# What?!



## mGONZ (Feb 4, 2009)

Anyone know why Ginobli, Finley, Duncan, and Parker are not playing tonight?


----------



## LuckyAC (Aug 12, 2004)

They must have been traded.


----------



## Basel (Mar 31, 2005)

I was wondering the same thing - what's going on? Is he resting them after the game with the Warriors or something?


----------



## gi0rdun (May 31, 2007)

I'm confused about this myself. The NBA are trying to protect the Lakers by doing a phantom make Duncan/Ginobili/Parker/Finley disappear.


----------



## Chan Ho Nam (Jan 9, 2007)

LuckyAC said:


> They must have been traded.


LOL, that made my day

long game last night, playing in the most difficult location in the league, dont stand much a chance 

but it's fan night, so it's kind of weird


----------



## girllovesthegame (Nov 3, 2005)

Parker and Duncan got the night off. Ginobili has a bruised hip or something.

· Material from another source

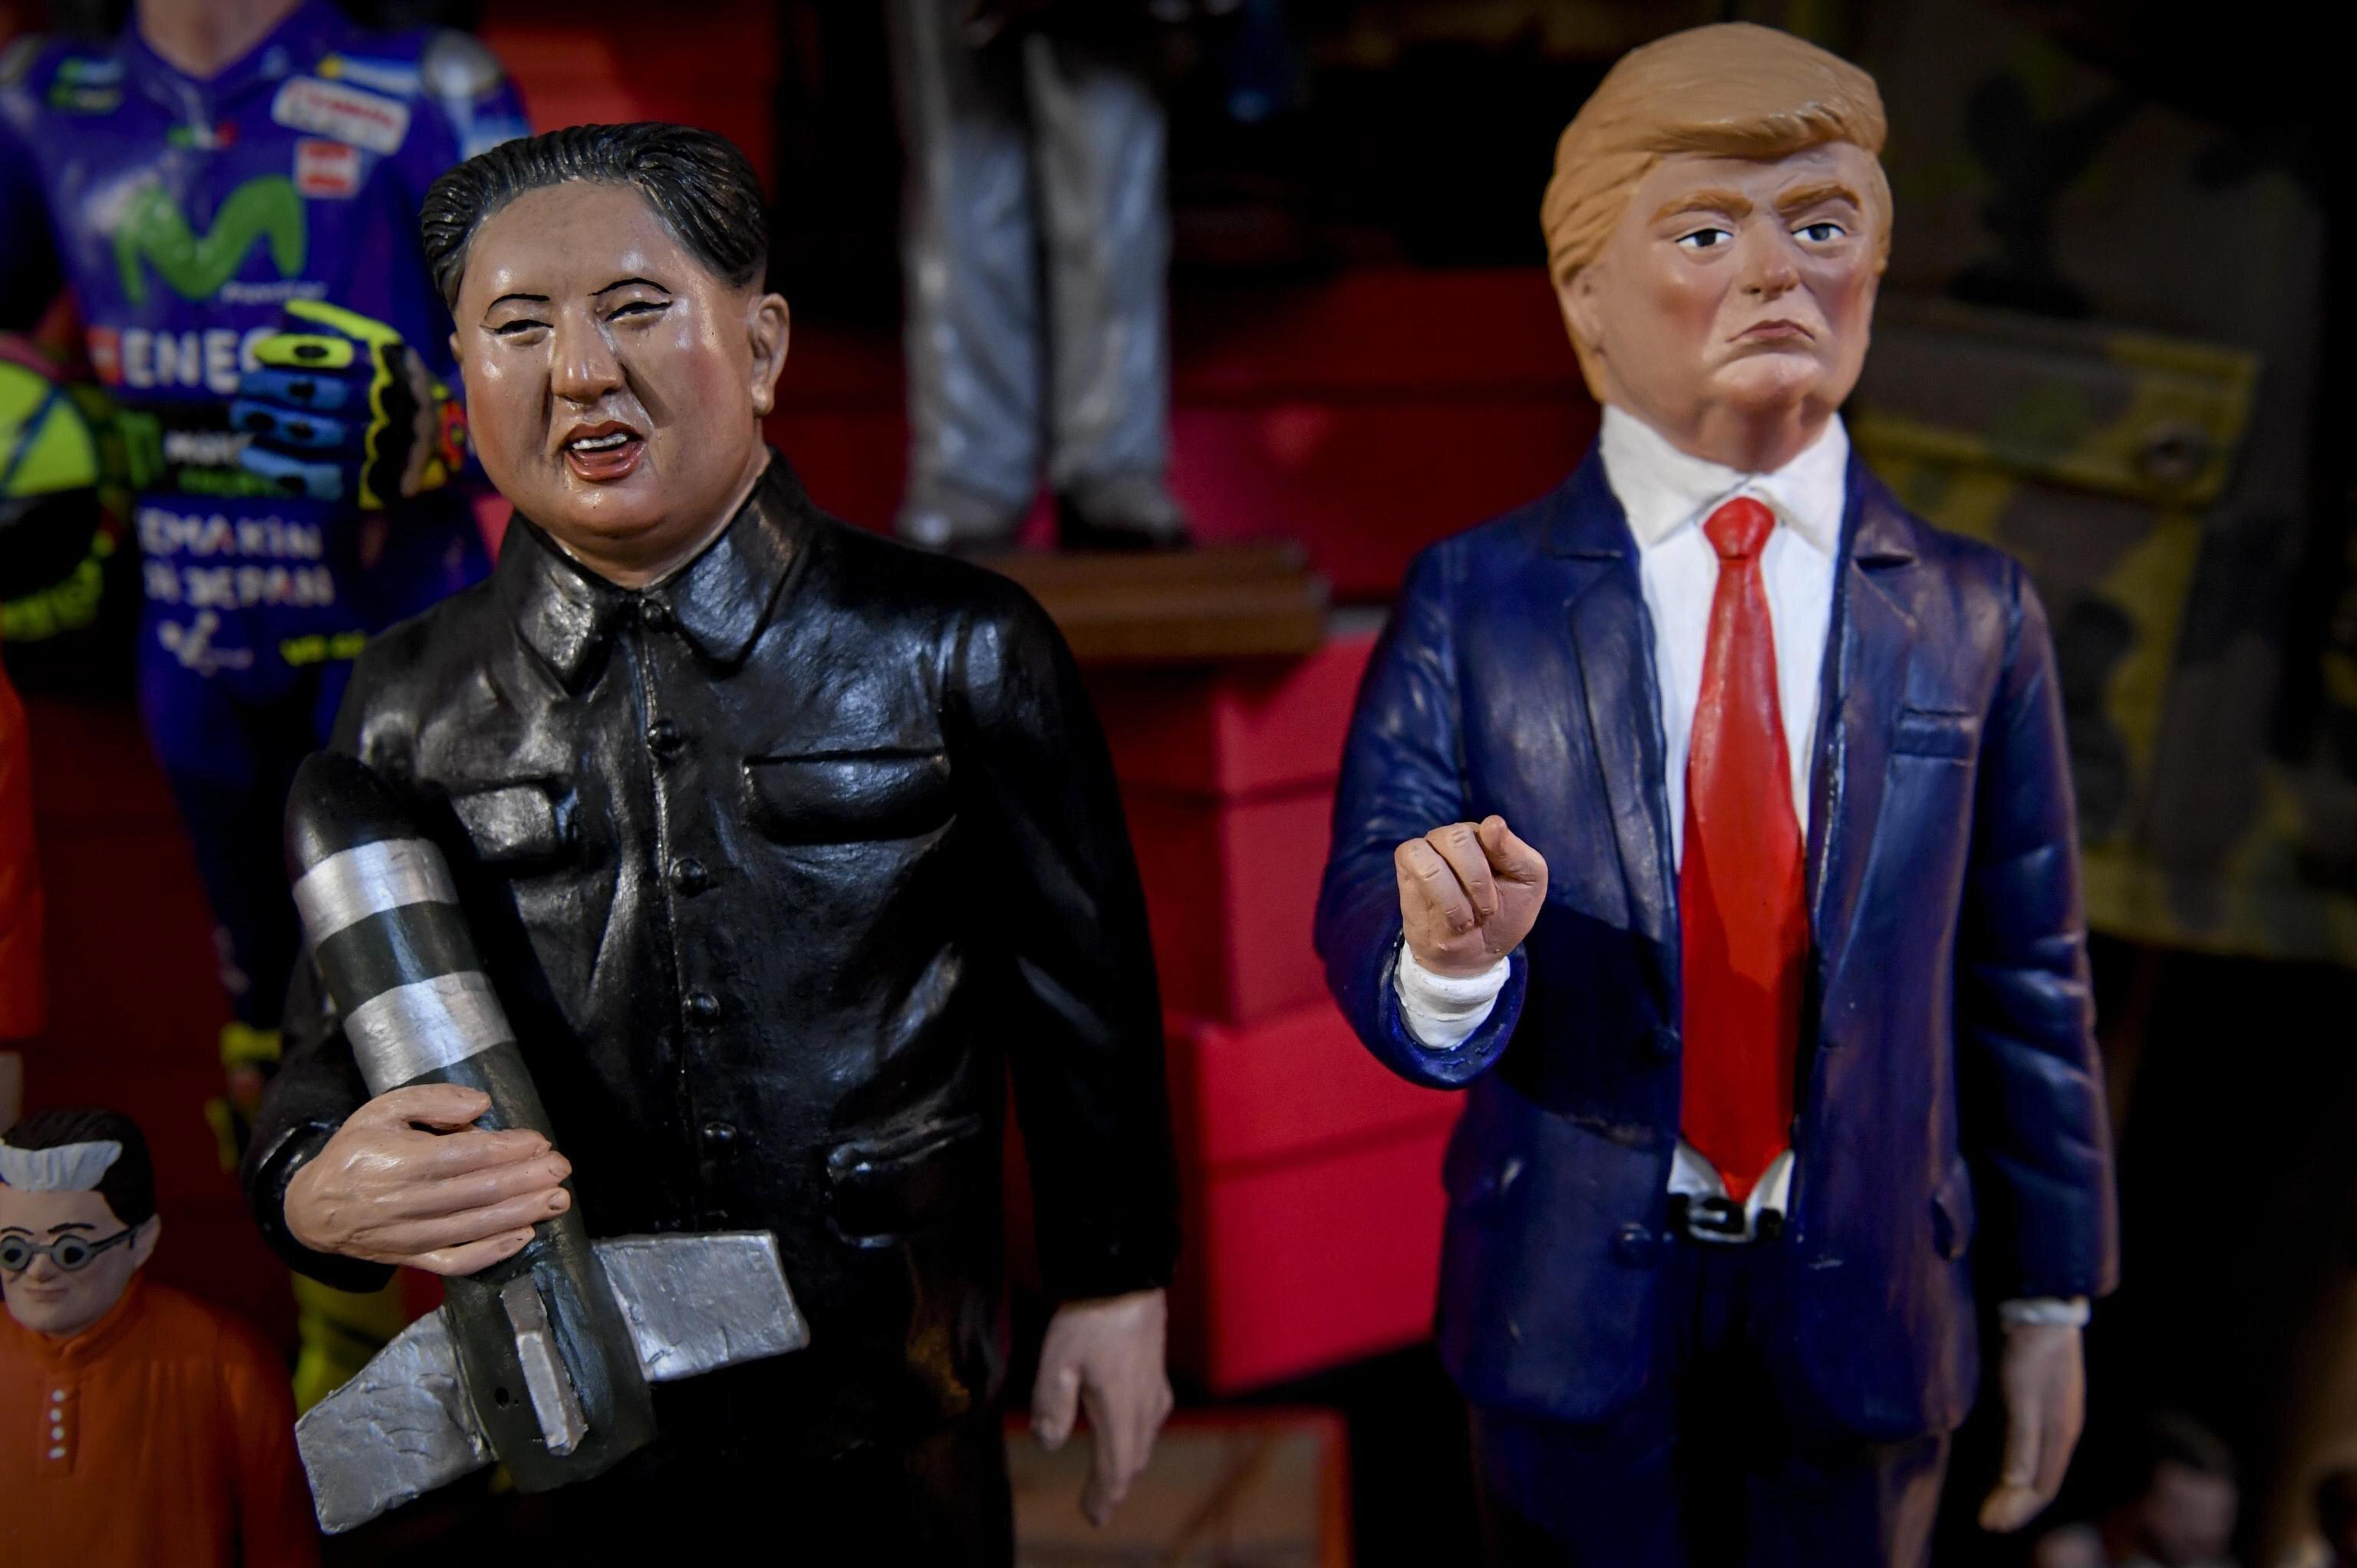 北朝鮮の金正恩朝鮮労働党委員長とアメリカのトランプ大統領の人形

http://sports.espn.go.com/nba/news/story?id=3882653


----------



## FreeMason Jr. (Jul 12, 2004)

This makes no sense to me because they don't play again until Sunday.


----------



## FreeMason Jr. (Jul 12, 2004)

I'm surprised the Spurs are holding their own. In fact, they were down 17 in the third, but managed to cut it down to 10 going into the fourth... it would have been 8, and possibly even 6 if not for an incredibly bad call at the very end though.


----------



## FreeMason Jr. (Jul 12, 2004)

Spurs are actually within four now! This would be a huge win if they can pull it off (even though Denver is without Kenyon Martin and Billups).


----------



## FreeMason Jr. (Jul 12, 2004)

Well, they managed to cut it to 2, but now they're back down by 11.


----------



## Basel (Mar 31, 2005)

Some kind of Fan Night for Denver, eh?

No "Big 3" from San Antonio, and K-mart/Billups out for Denver.


----------



## FreeMason Jr. (Jul 12, 2004)

Mason's 3 pulls the Spurs back within 4 with 2 minutes left. Win or lose, I'm proud of these guys.


----------



## FreeMason Jr. (Jul 12, 2004)

That should do it. Great game by the Spurs. I also really liked what I saw from Hairston... besides his FT shooting. He missed 3 pretty crucial FT's at the end.


----------